Title: Gas circuit breaker

Description:
BACKGROUND OF THE INVENTION 
     1. Field of the Invention 
     The present invention relates to a three-phase common tank type gas circuit breaker and, more particularly, to a three-phase common tank type gas circuit breaker used in a large power system such as of 550 KV and which has single-break closing resistors and capacitors. 
     2. Description of the Prior Art 
     Power systems of high voltage and large capacity are becoming a matter of great concern in view of the recent increasing demand for electrical power. This has given a rise to a demand for increased capacities of circuit breakers, used in substations to break greater powers of higher voltages. Circuit breakers also are required to have a reduced number of breaks as well as to cope with the increase in the power to be broken, in order to attain an improved braking performance. More specifically, dual break type circuit breakers capable of breaking 50 KA current, usable in 550 KV line for example, have been put in practical use. However, a demand exists for single break circuit breaker of the same class as above. This applies also to the case of gas-insulated circuit breakers. For example, in Japanese Patent Unexamined Publication No. 2-46616 a single break circuit breaker, a so-called three phase common tank type gas circuit breaker, is proposed wherein, interrupters for three phases are accommodated by a common hermetic tank so as to reduce the size of the entire gas-insulated circuit breaker. 
     In this circuit breaker, in order to deal with an electric line of a large capacity of the order of 550 KV, a closing resistor for limiting closing switching overvoltage and a capacitor for limiting transient recovery voltage are disposed in parallel with the interrupter of each phase. 
     In the prior art described, the circuit breaker has a grounded tank and three-phase assemblies for the three phases of the power accommodated in the grounded tank, with each assembly having an interrupter, a closing resistor and a capacitor connected in parallel with the interrupter. More specifically, the closing resistors are disposed on the radially inner side of the interrupters and the capacitors are disposed in the central region of the grounded tank, with the closing resistors and the capacitors being shielded by a cylindrical shield member. Single break function requires that one interrupter is associated with a capacitor which corresponds in capacitance to those used for conventional dual break type breakers. In addition, circuit breakers for use in such a large power line as of 550 KV class require closing resistors which have a length of about one meter and which are connected in series. The arrangement of the closing resistors in the prior art circuit breaker, therefore, cannot provide a compact circuit breaker because the dimensions of the circuit breaker tend to be increased due to large axial dimensions of the closing resistors. 

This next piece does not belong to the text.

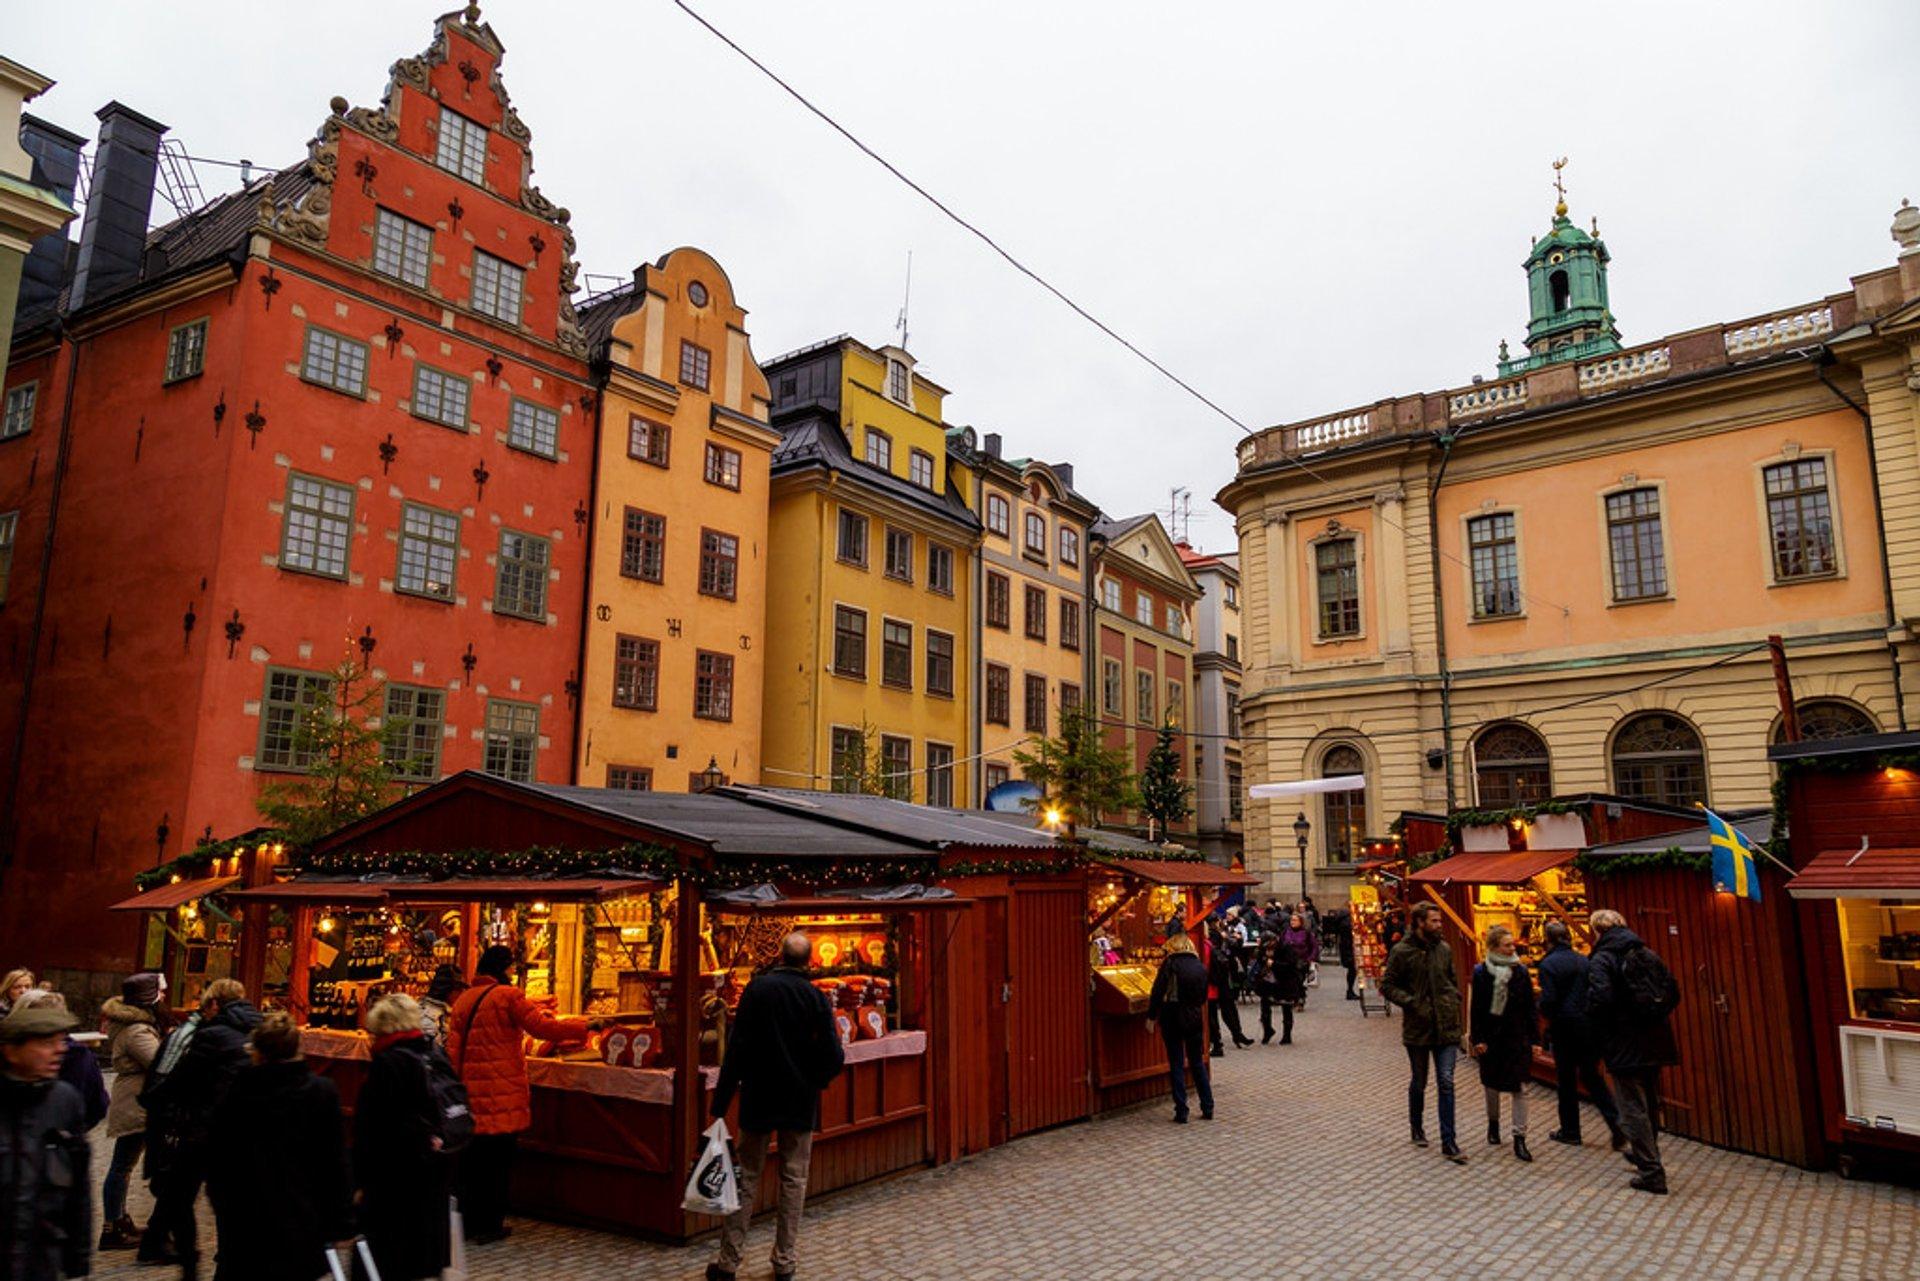 Stockholm Christmas Market 2020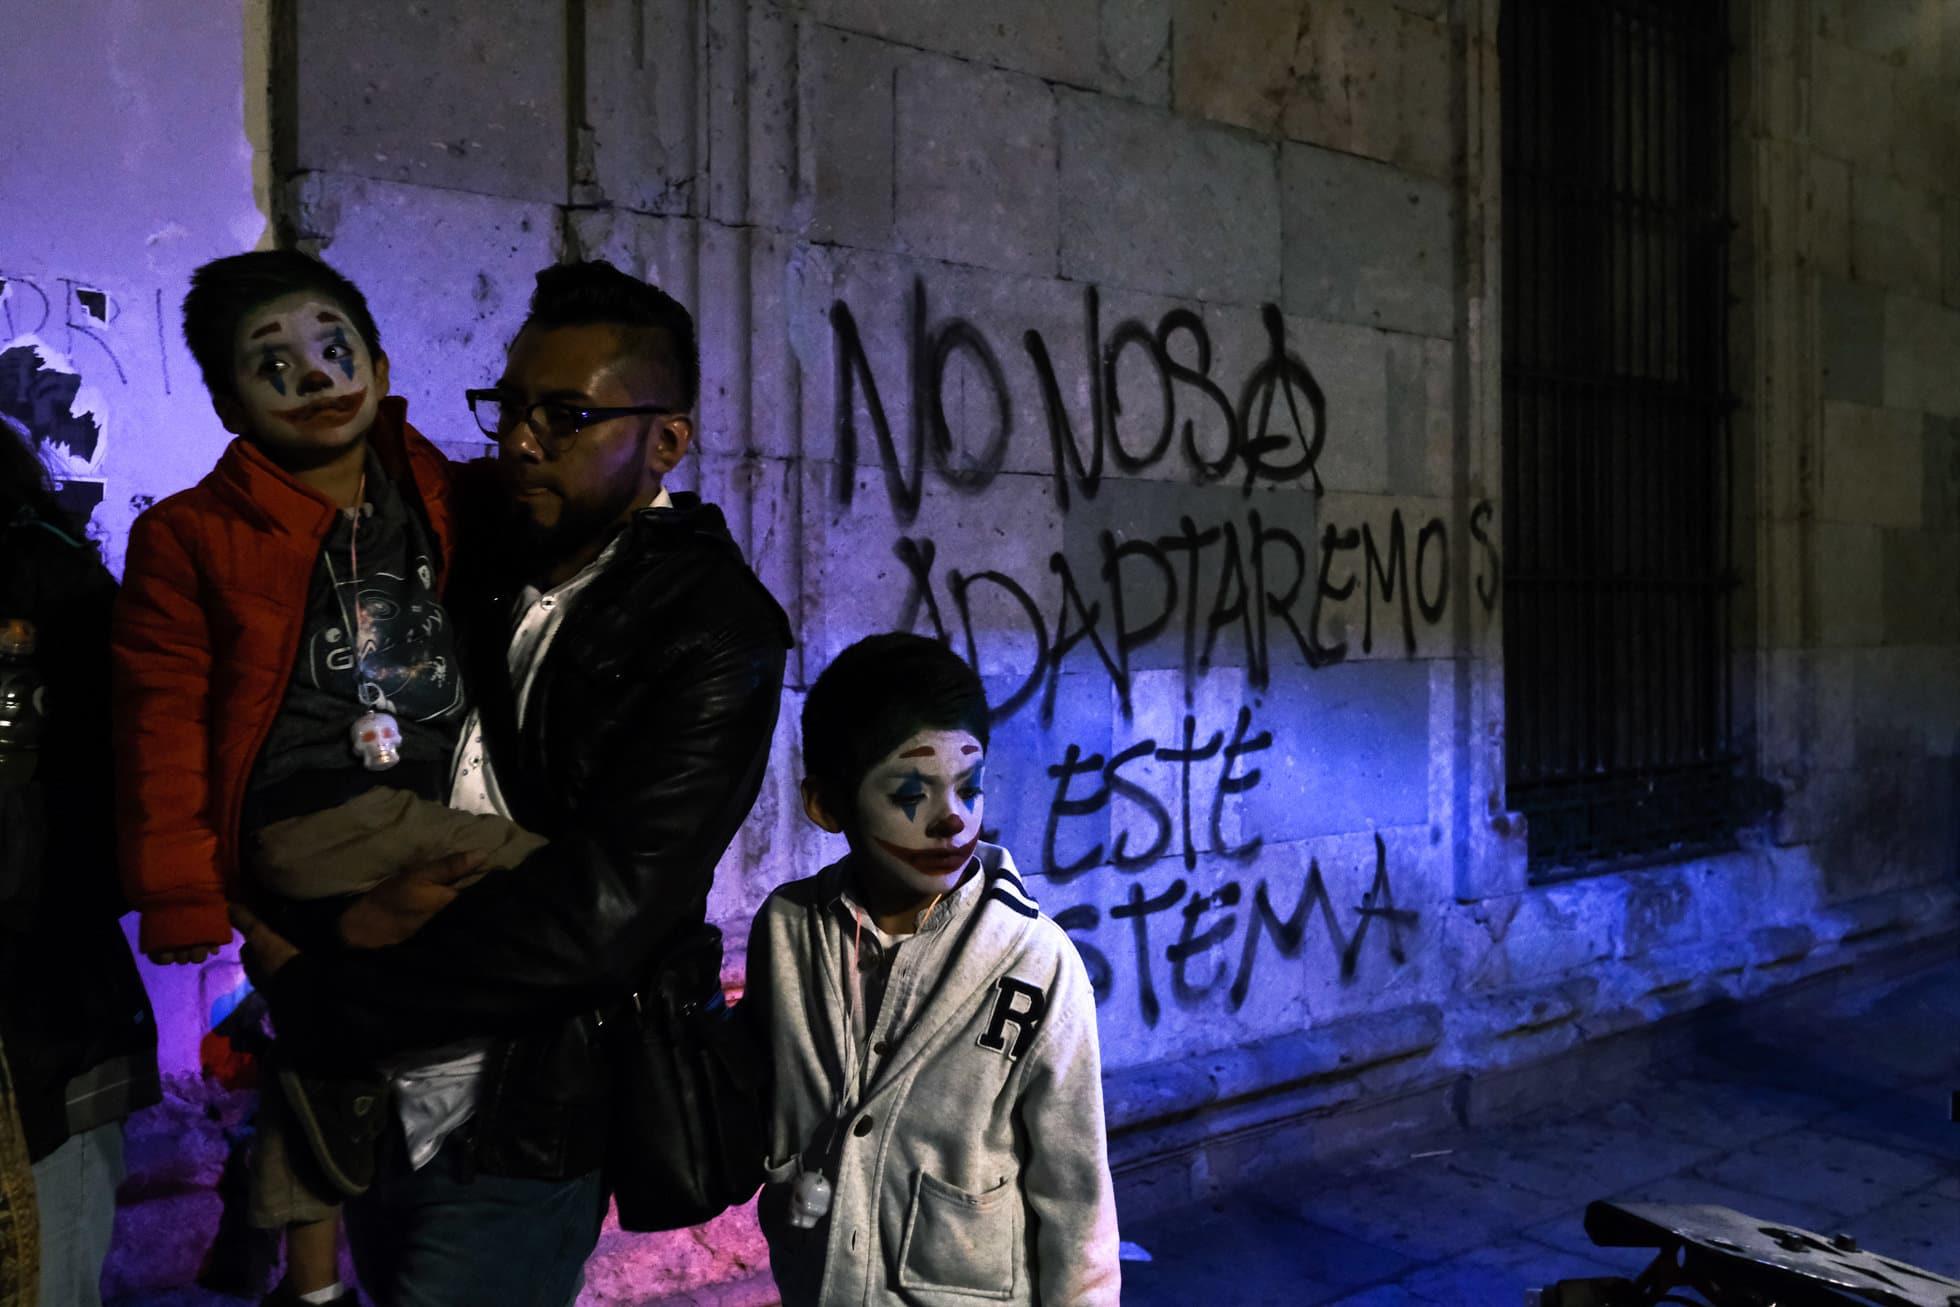 fujifilm-x-pro3-mexico-street-photography-30

     SUMMARY OF THE INVENTION 
     Accordingly, an object of the present invention is to provide a large capacity, compact three-phase common tank circuit breaker for high voltage which has reduced axial and radial dimensions. 
     Another object of the present invention is to provide a compact three-phase common tank circuit breaker in which the tank has reduced axial and radial dimensions. 
     These objects of the present invention are achieved by a three-phase common tank type circuit breaker which comprises interrupters for the three phases disposed at a predetermined circumferential spacing within the grounded tank such that the axes of the interrupters extend substantially in parallel with the axis of the grounded tank, a closing resistor for each phase disposed on one side of the associated interrupter adjacent a neighboring interrupter of a different phase, a capacitor for each phase disposed in the grounded tank on the inner or outer side of the associated interrupter, and shield members provided for the stationary and movable sides of the interrupter for each phase. 
     The closing resistors for the three phases are disposed at a circumferential interval and located in the vicinity of the associated interrupters in the grounded tank, while the capacitors are disposed on the radially inner side of the associated interrupters and in close proximity therewith. Therefore, the axial and radial dimensions of the grounded tank can be reduced to provide a compact gas circuit breaker. 
     The above and other objects, features and advantages of the present invention will become more apparent from the following description with reference to the accompanying drawings. 
    
    
     BRIEF DESCRIPTION OF THE DRAWINGS 
     FIG. 1 is a vertical sectional view of an embodiment of the gas circuit breaker in accordance with the present invention; 
     FIG. 2 is a sectional view taken along the line II--II of FIG. 1; 
     FIG. 3 is a sectional view taken along the line III--III of FIG. 2; 
     FIG. 4 is a cross-sectional view of another embodiment of the gas circuit breaker in accordance with the present invention; and 
     FIG. 5 is a sectional view taken along the line V--V of FIG. 4. 
    
    
     DESCRIPTION OF THE PREFERRED EMBODIMENTS 
     Referring now to the drawings wherein like reference numerals are used throughout the various views to designate like parts and, more particularly, to FIGS. 1-3, according to the present invention, a grounded tank 1 includes lead portions 1A, 1B projecting radially outwardly from a wall of the tank 1 at an upper portion and a lower portion of the tank 1. The lead portions 1A, 1B are hermetically closed by insulating spacers 2A, 2B. An actuating element 3 is provided for operating or actuating interrupters, with the actuating equipment being provided in a lower portion of the grounded tank 1. The grounded tank 1 is charged or filled with an arc quenching gas and accommodates three puffer-type interrupters 4, 5, 6 for three phases of electrical power, with the puffer-type interrupters 4, 5, 6 being arranged substantially at a 120° interval as shown most clearly in FIG. 2. 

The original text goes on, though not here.